Sen. Duey Stroebel and Rep. Rob Brooks’ bill would move $47 million in federal funding away from local projects and pour it into state projects such as freeway rehabilitation.
MADISON, Wis. (AP) Republican legislators have created a bill that would shift federal road-building dollars from local work to state projects, a move that would exempt local projects from federal prevailing wage requirements.
Sen. Duey Stroebel and Rep. Rob Brooks’ bill would move $47 million in federal funding away from local projects and pour it into state projects such as freeway rehabilitation. The measure would shift a corresponding amount of state dollars away from state projects to cover local work.

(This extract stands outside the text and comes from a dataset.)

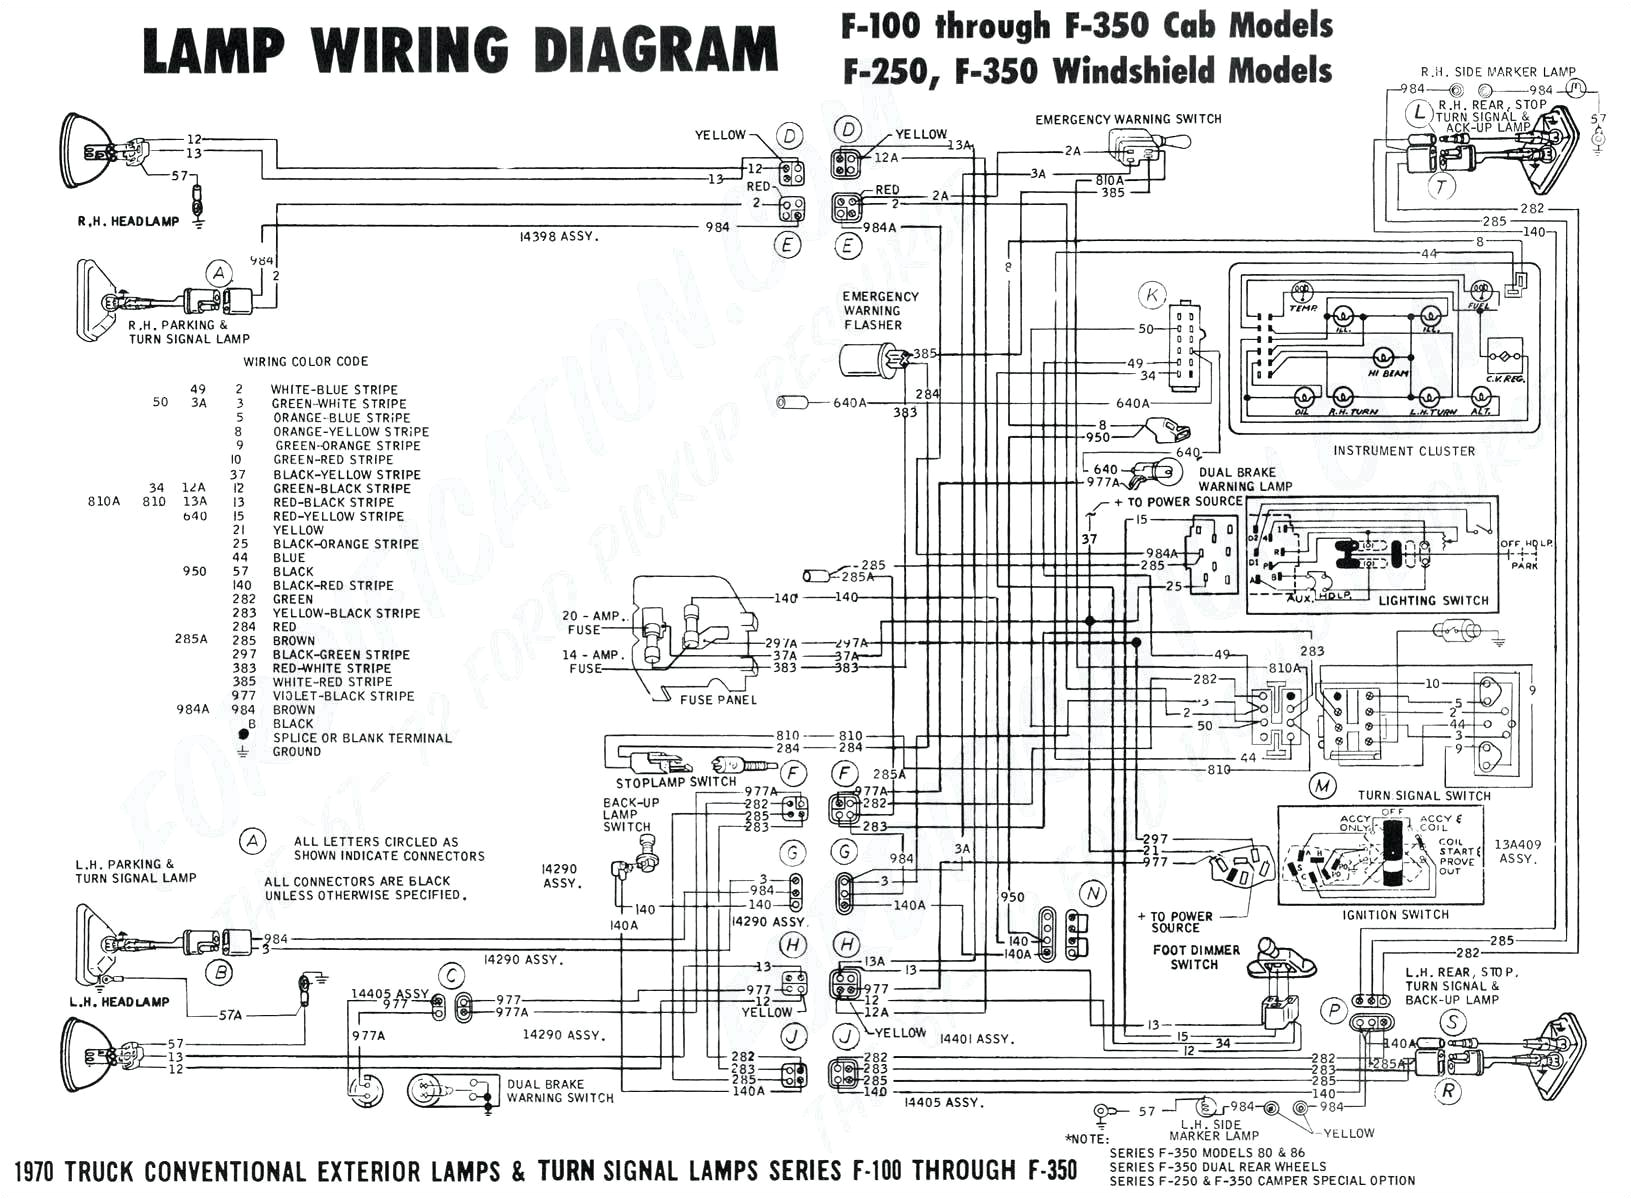 2002 F350 Wiring Diagram 02 F250 7 3l Wiring Diagram Wiring Diagram Sheet

The measure essentially swaps federal funding for state funding on local projects, Stroebel said in a news release. The move would keep local work from being subject to what he called burdensome federal regulations, increasing efficiency and saving the state money. He made no specific mention of avoiding the prevailing wage, which requires minimum salaries for workers on government-funded construction projects, in the release.
If federal dollars leave a project, the federal prevailing wage requirement would go with them, Stroebel acknowledged during a telephone interview with The Associated Press. But he insisted the bill doesn’t specifically target the prevailing wage. The measure is designed to streamline the construction process, he said.
“The big savings are all about the regulatory issues,’’ he said. “This is about lowering delivery costs as a whole.’’
The proposal hasn’t yet been introduced as a formal bill and doesn’t have any fiscal estimates attached to it. A state Transportation Department spokeswoman didn’t respond to an email Nov. 27 inquiring about whether the agency has completed any calculations on potential savings the bill might create.
Wisconsin had required local and state government units to pay a wage calculated by the state Department of Workforce Development to laborers, mechanics and truck drivers who work on public projects. But Republican legislators erased the law in the state budget this summer, saying it inflates project costs and amounts to an unfunded mandate. Stroebel, R-Saukville, refused to vote for the budget until GOP leaders included the repeal in the spending plan.
A separate federal law, however, requires a minimum wage for workers on federally funded or federally assisted construction projects. If legislators block the flow of federal dollars to local highway work, the state wouldn’t have to pay that wage.
A legislative task force created in 2011 to examine transportation needs recommended moving federal funds out of local projects, saying such a change would reduce oversight and allow projects to be built faster and cheaper. The task force didn’t offer any hard numbers.
The Wisconsin Transportation Builders Association, which represents road builders, opposes the bill, executive director Pat Goss said. Eliminating the federal prevailing wage would make it harder to recruit and retain skilled workers, he said. He doubts the bill would generate substantial savings, noting state projects would still have to abide by federal standards and regulations and local projects would have to follow the state’s regulations.
Daniel Fedderly, executive director of the Wisconsin Highways Association, which works to develop county highway standards and recommends changes in highway policies, didn’t return a voicemail on Nov. 27.
He told the Milwaukee Journal Sentinel, however, that his association has been pushing to change how federal funding is allocated, insisting the swap would save money on engineering and administrative costs.
The bill’s prospects are unclear. The Senate and Assembly aren’t expected to reconvene for floor votes until at least mid-January. A spokeswoman of Senate Majority Leader Scott Fitzgerald didn’t respond to an email Nov. 27, and a spokeswoman for Assembly Speaker Robin Vos said she couldn’t immediately comment.